The Emperor in Han Dynasty, also released under the title The Emperor Han Wu in some countries, is a 2005 Chinese historical drama television series based on the life of Emperor Wu of the Han dynasty. It uses the historical texts Records of the Grand Historian and Book of Han as its source material.

Plot
The series covers the life of Emperor Wu from his early childhood to his death and some events in the reign of Emperor Jing (Emperor Wu's father and predecessor), such as the Rebellion of the Seven States.
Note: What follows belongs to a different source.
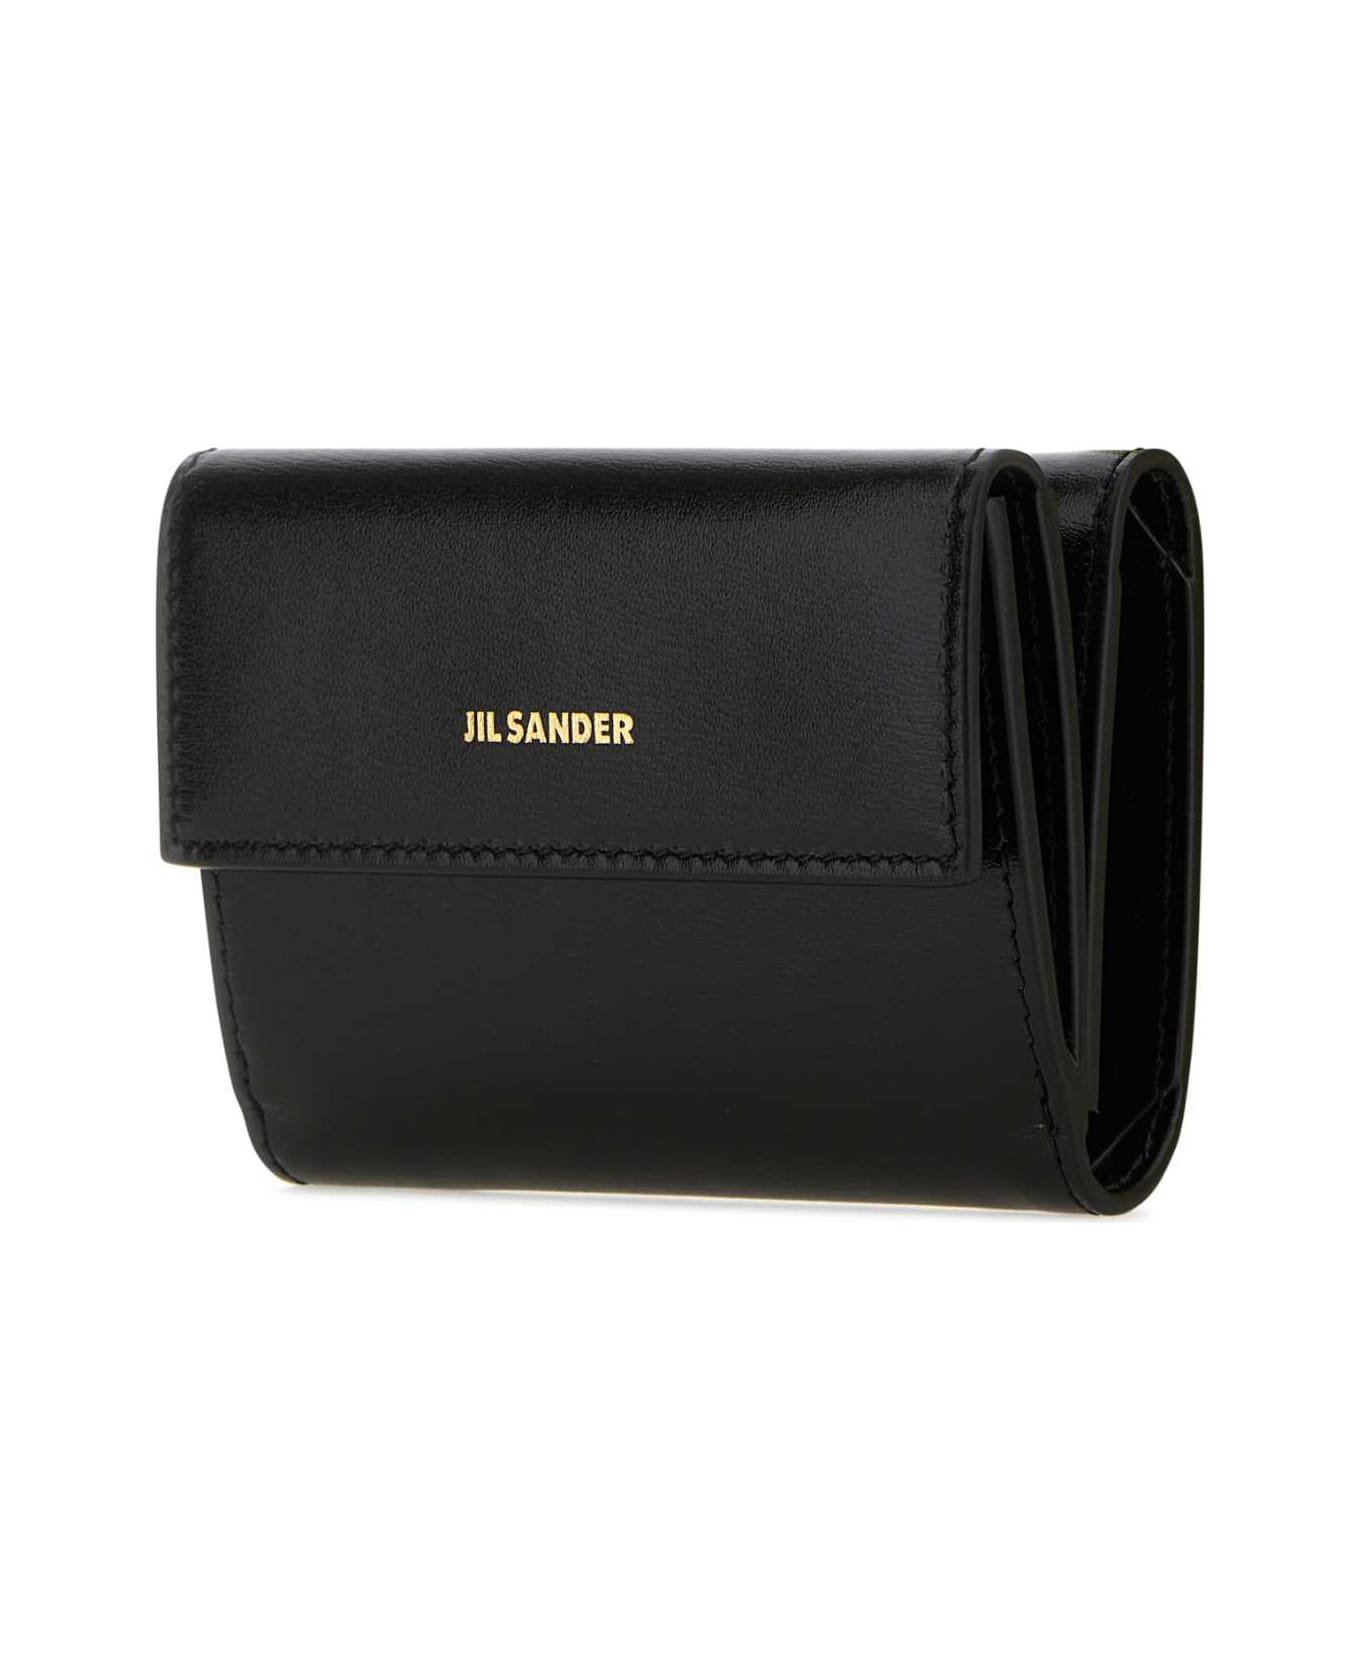 Jil Sander Black Leather Wallet - 001 財布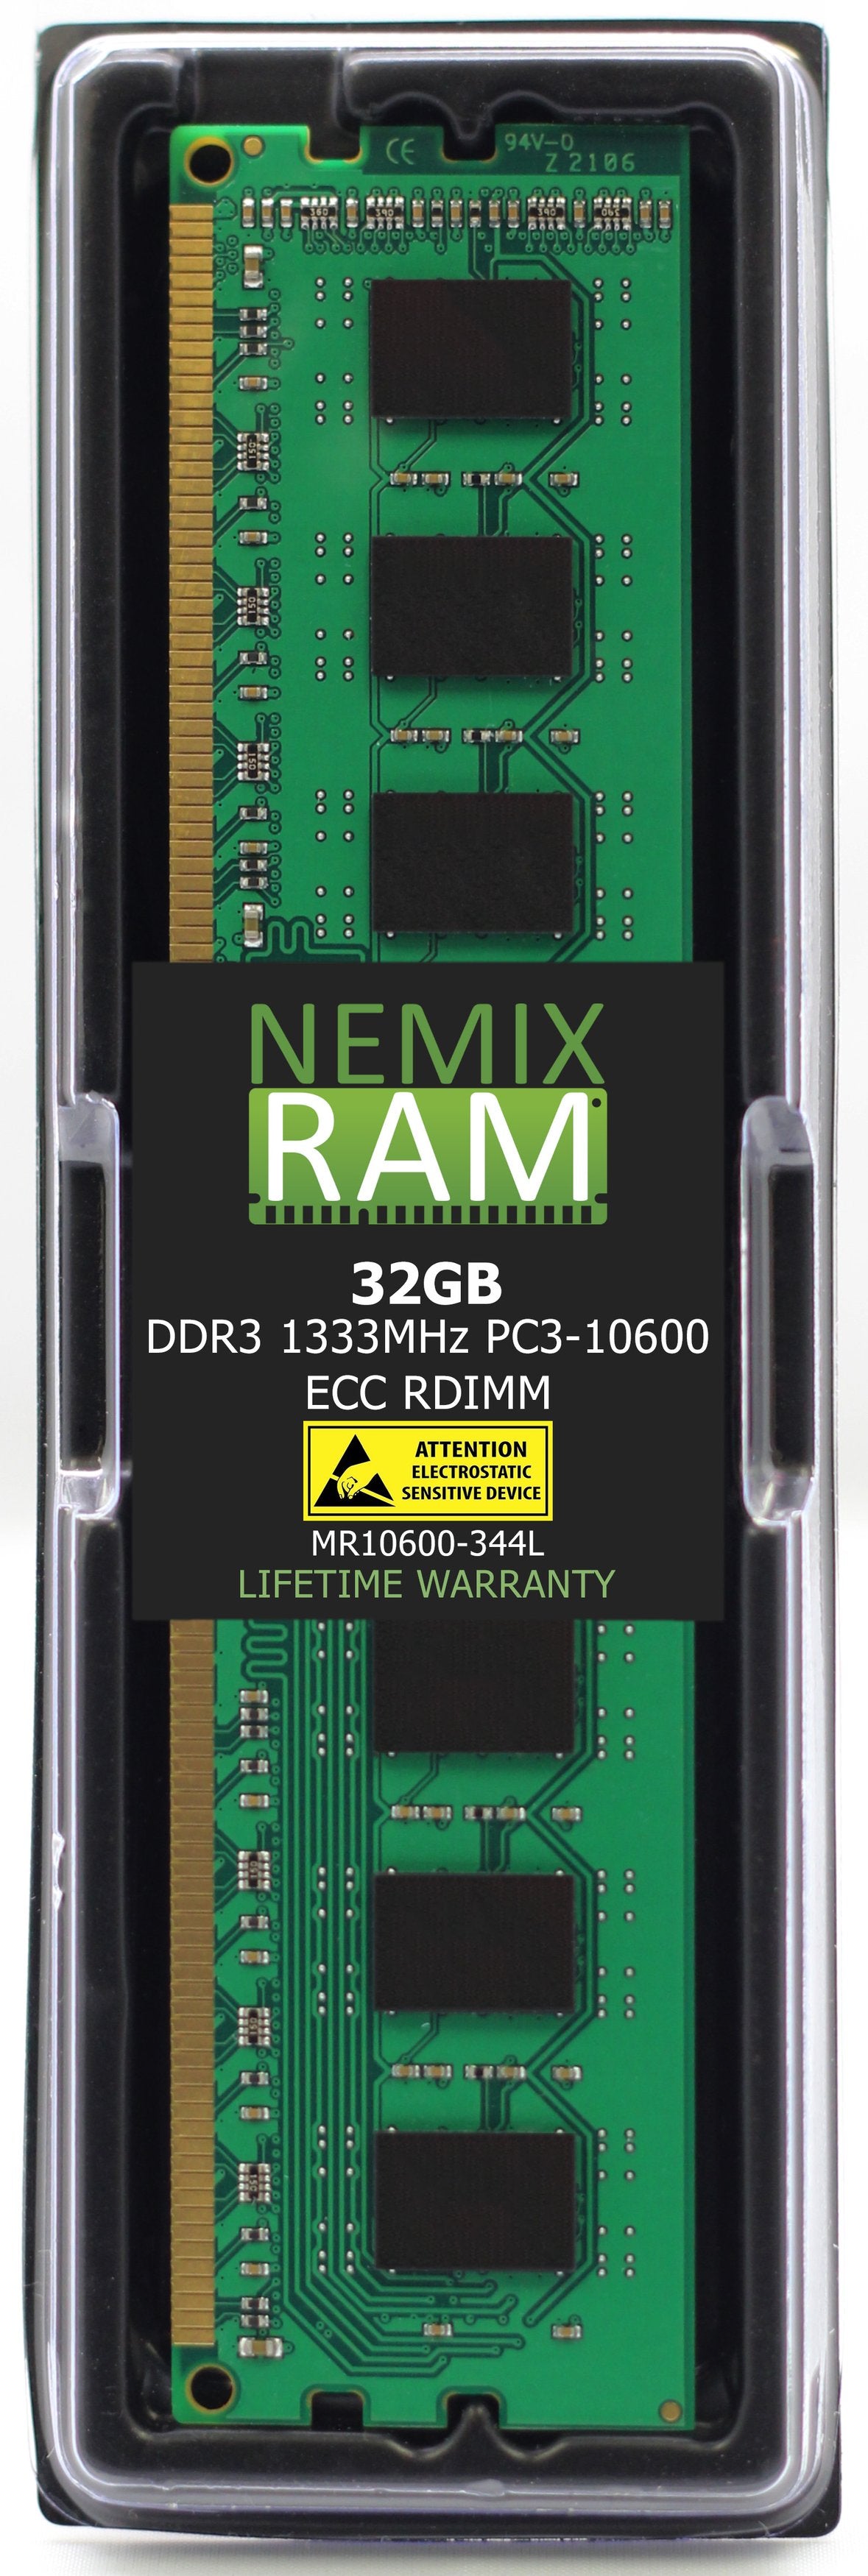 32GB DDR3 1333MHZ PC3-10600 RDIMM Compatible with Supermicro MEM-DR332L-SL01-ER13

It follows the conflicts that defined the pivotal war between the Han Empire and the Xiongnu, and depicts the major victories that the Han scored over the Xiongnu during Emperor Wu's reign. Prominent historical figures such as the generals Li Guang, Wei Qing and Huo Qubing, as well as the diplomats Su Wu and Zhang Qian, also make appearances as supporting characters in the series.

Cast
 Note: Some cast members played multiple roles. The roles are separated by a slash.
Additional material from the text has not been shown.